■ Problem to solve
Look below for the line with "a croissant sandwich is on a blue plate" and the line with "Receive the Energy You Give Unisex Tee". Copy exactly those two lines and every line between, but not the pictures.

Extracted material START

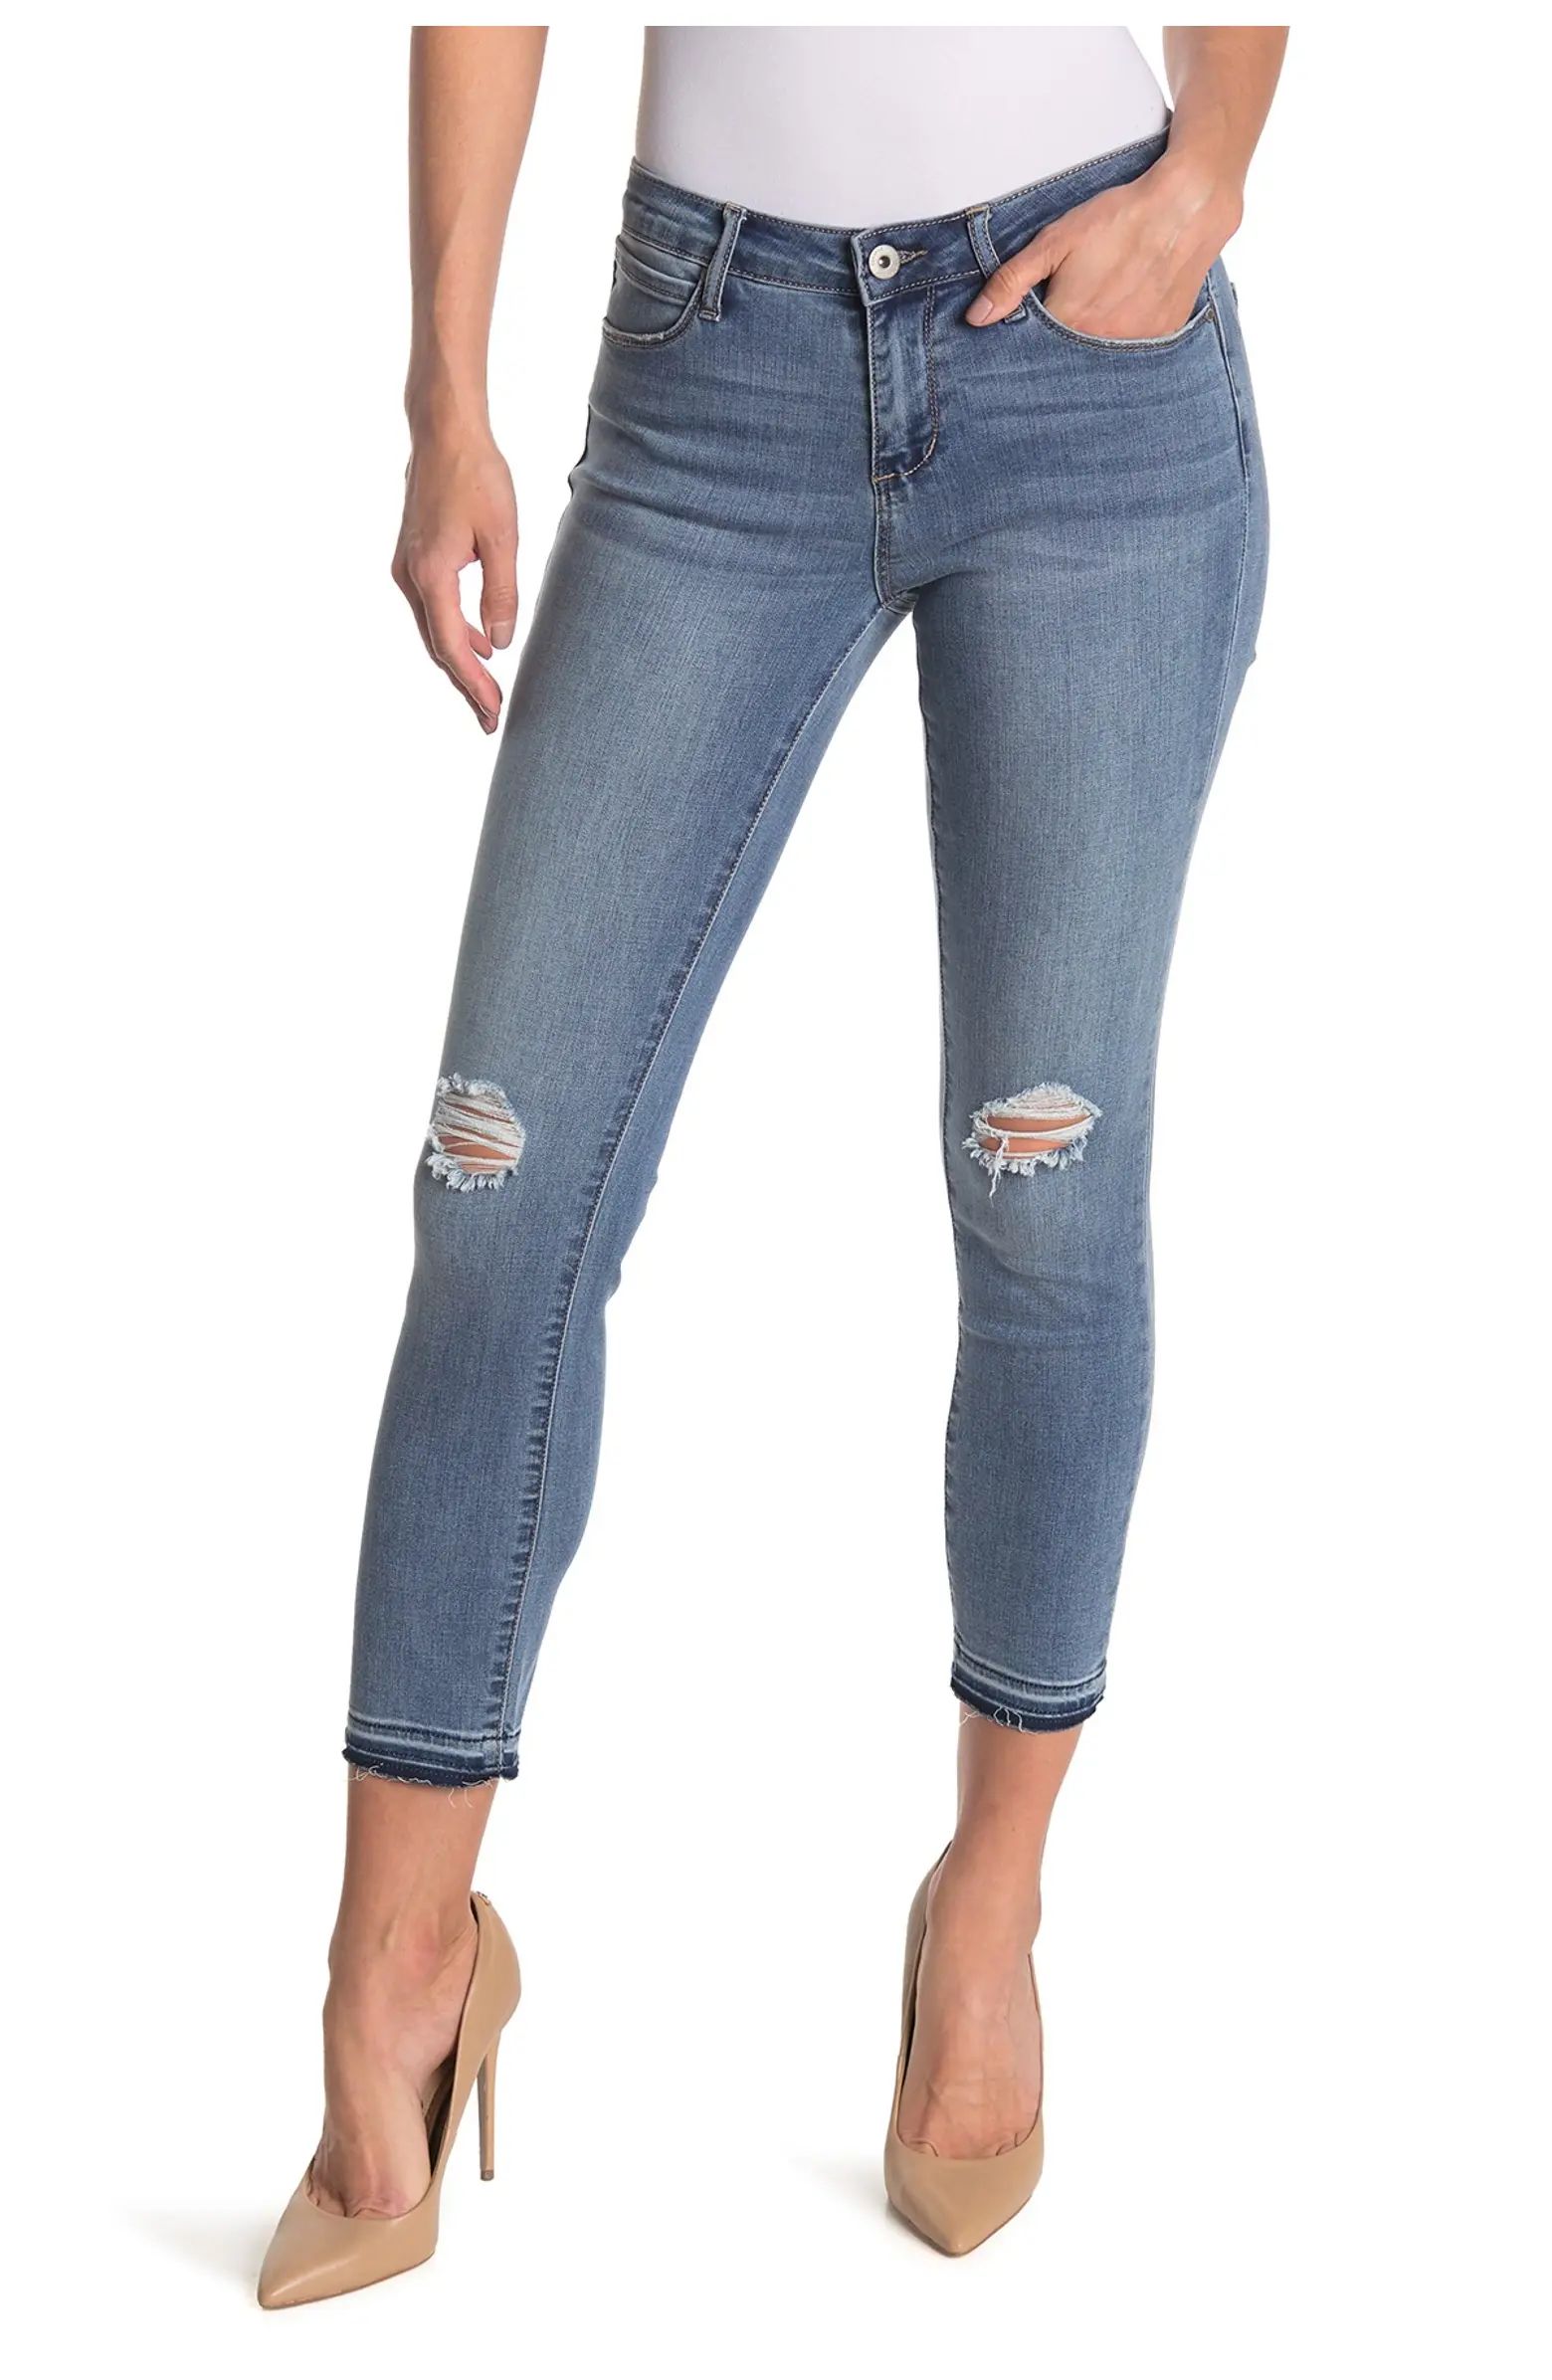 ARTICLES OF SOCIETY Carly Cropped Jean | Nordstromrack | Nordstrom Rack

Extracted material END
Extracted material START

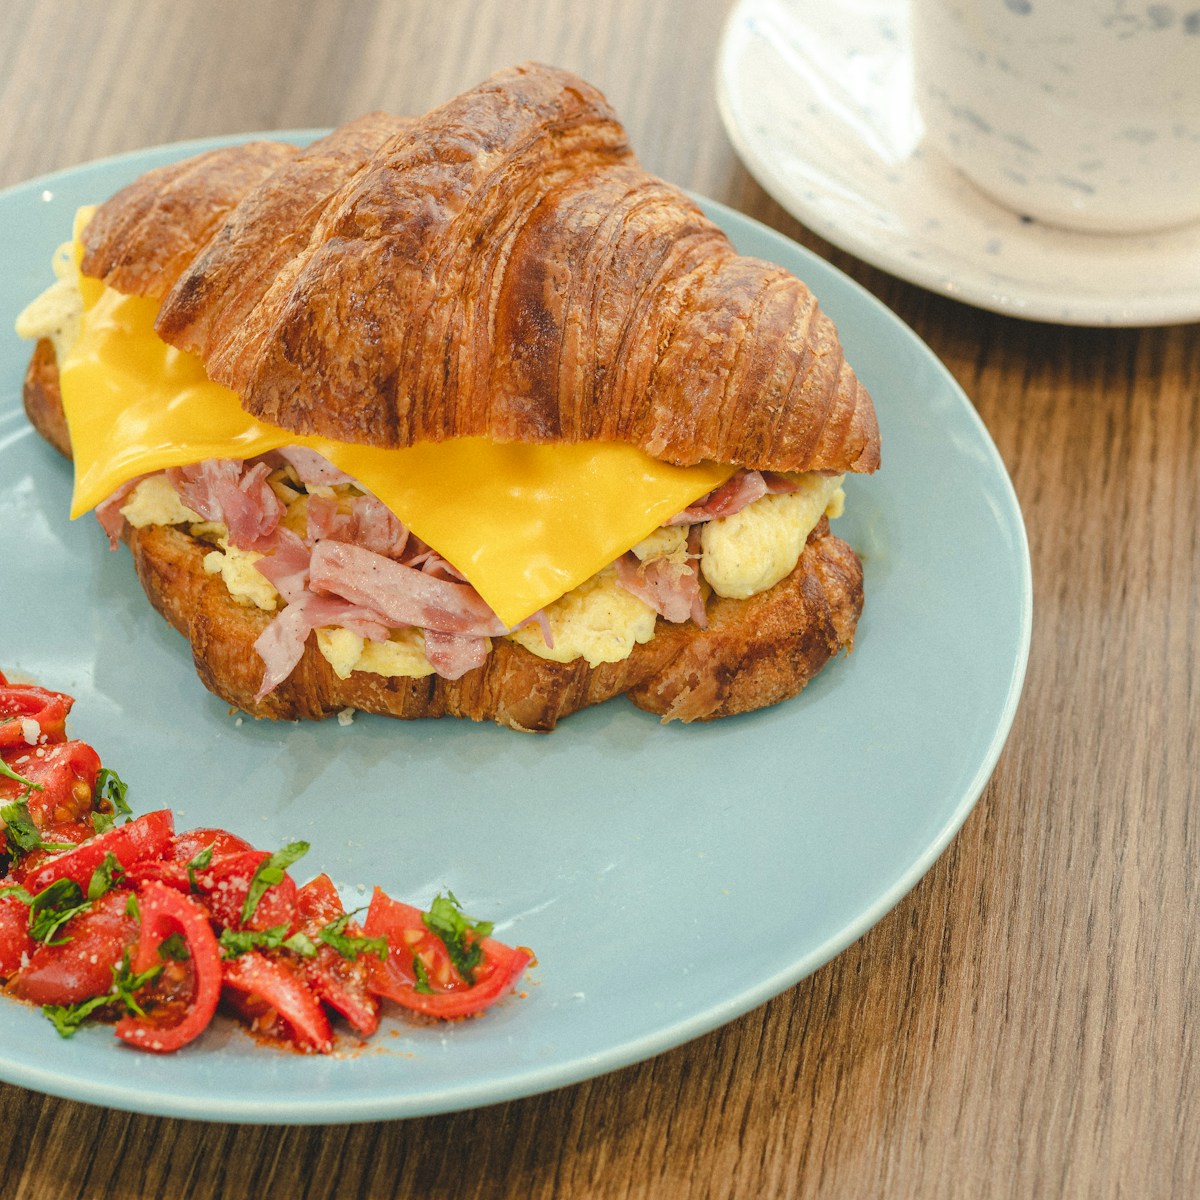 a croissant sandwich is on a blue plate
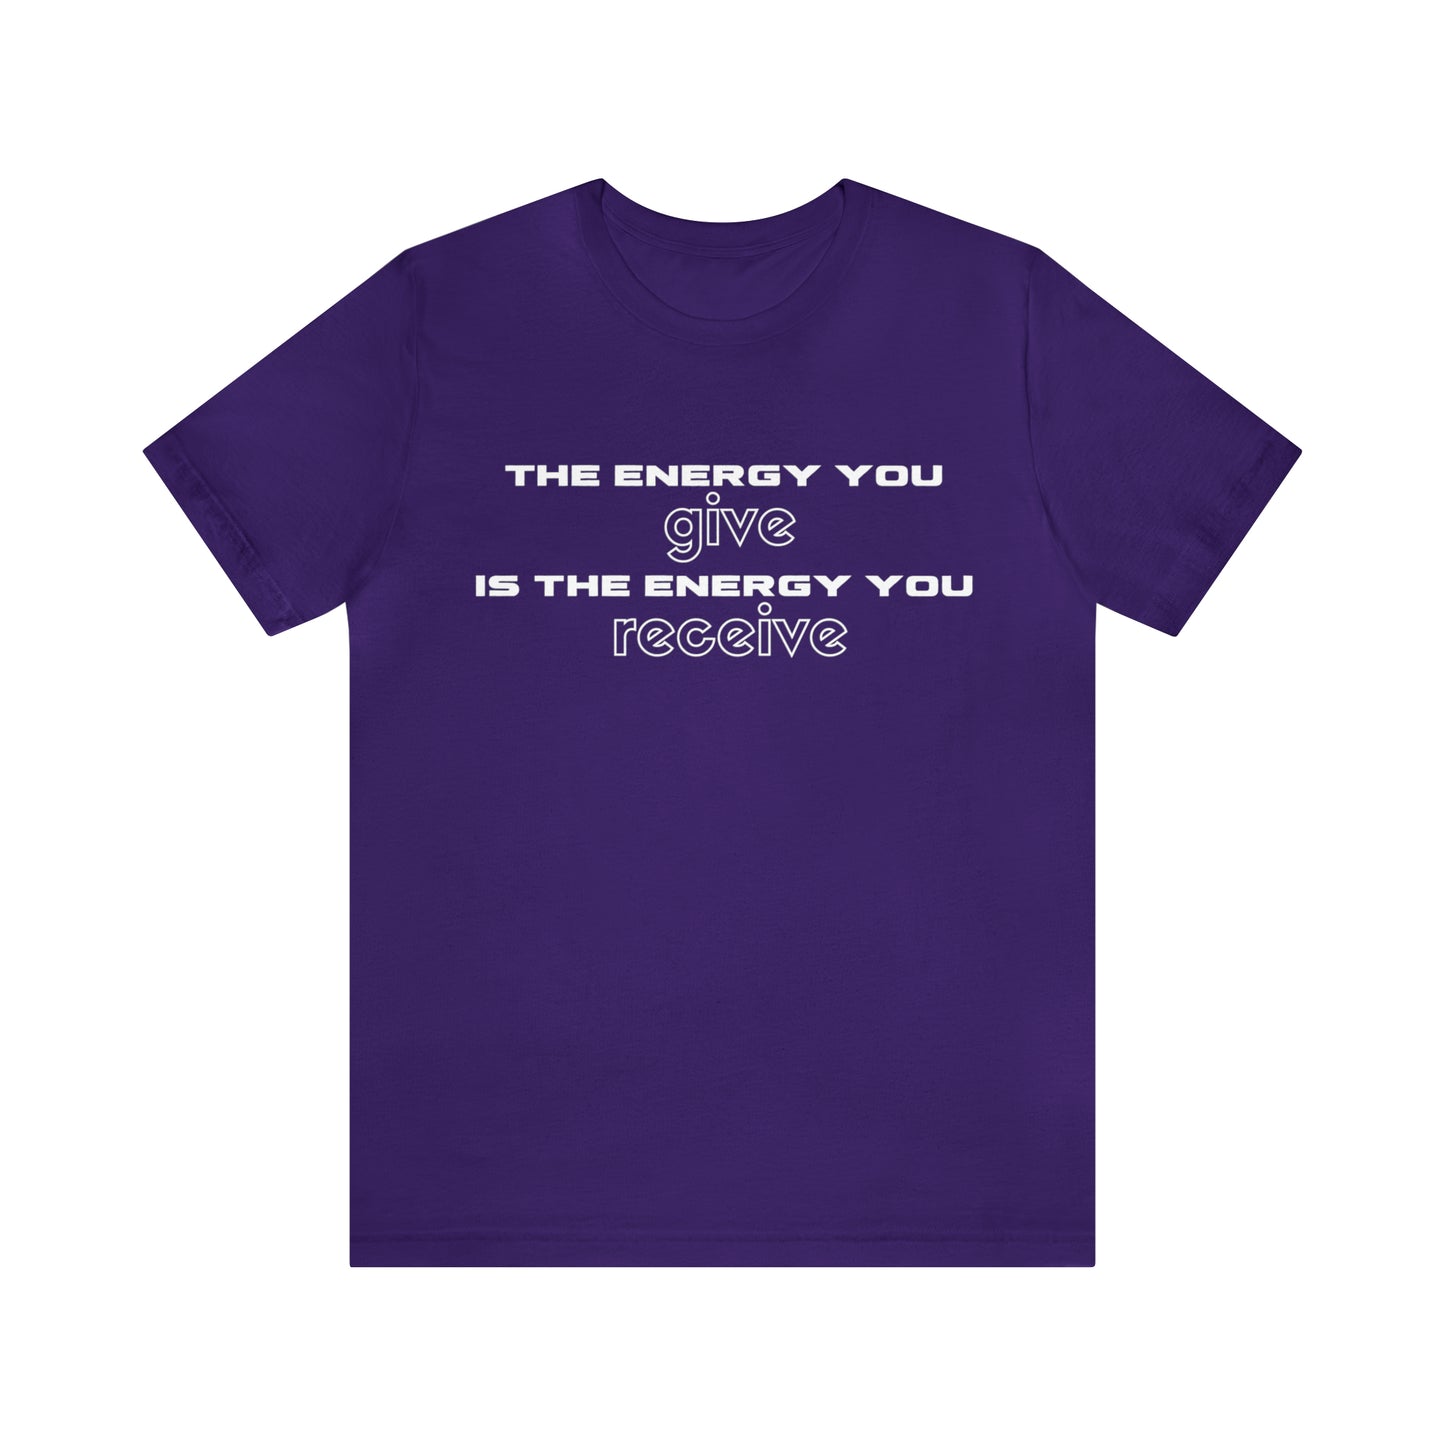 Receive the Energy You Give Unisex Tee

Extracted material END
Extracted material START

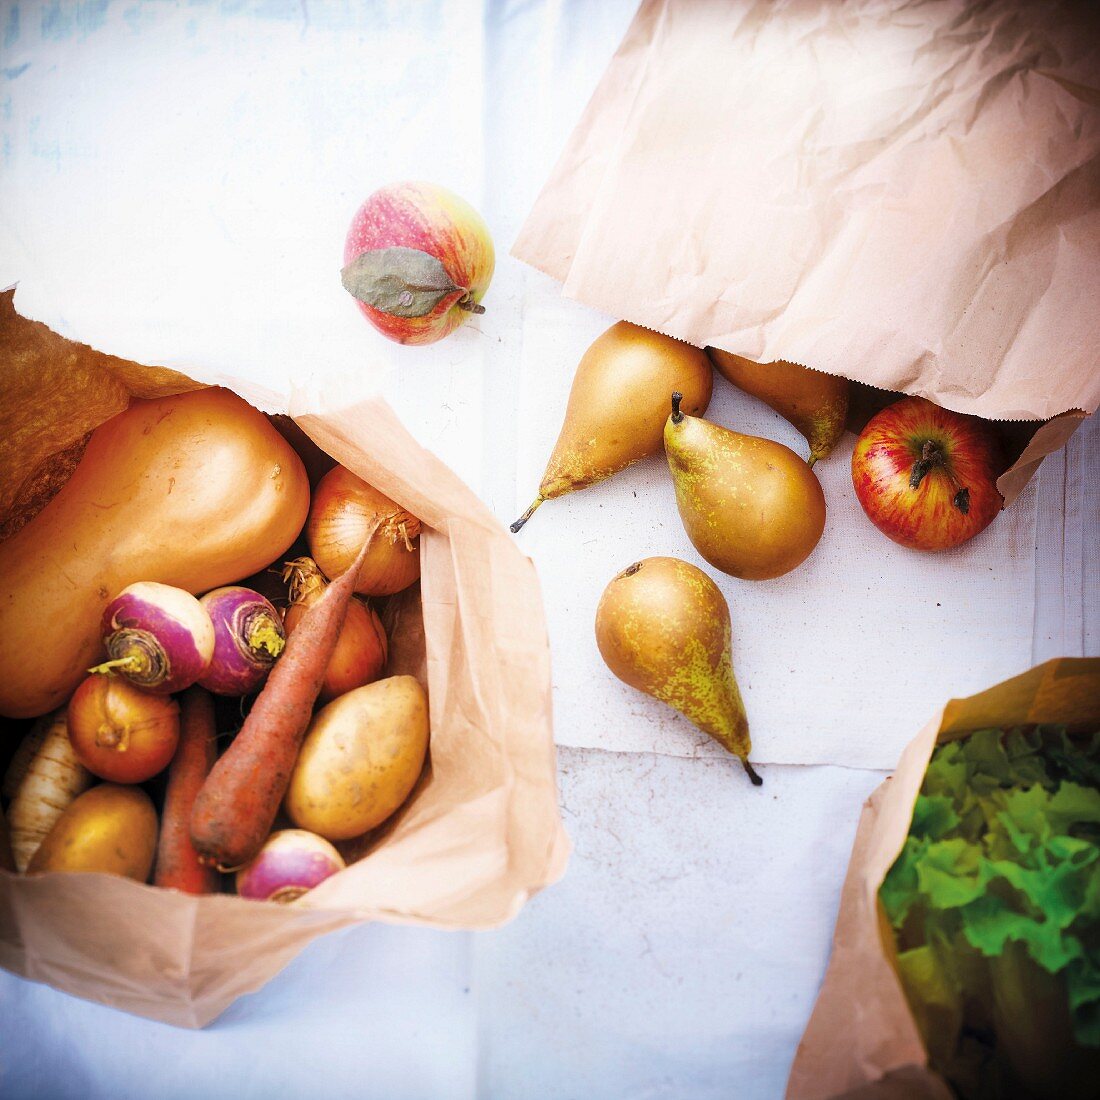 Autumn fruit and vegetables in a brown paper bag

Extracted material END

■ Task answer
 a croissant sandwich is on a blue plate
 Receive the Energy You Give Unisex Tee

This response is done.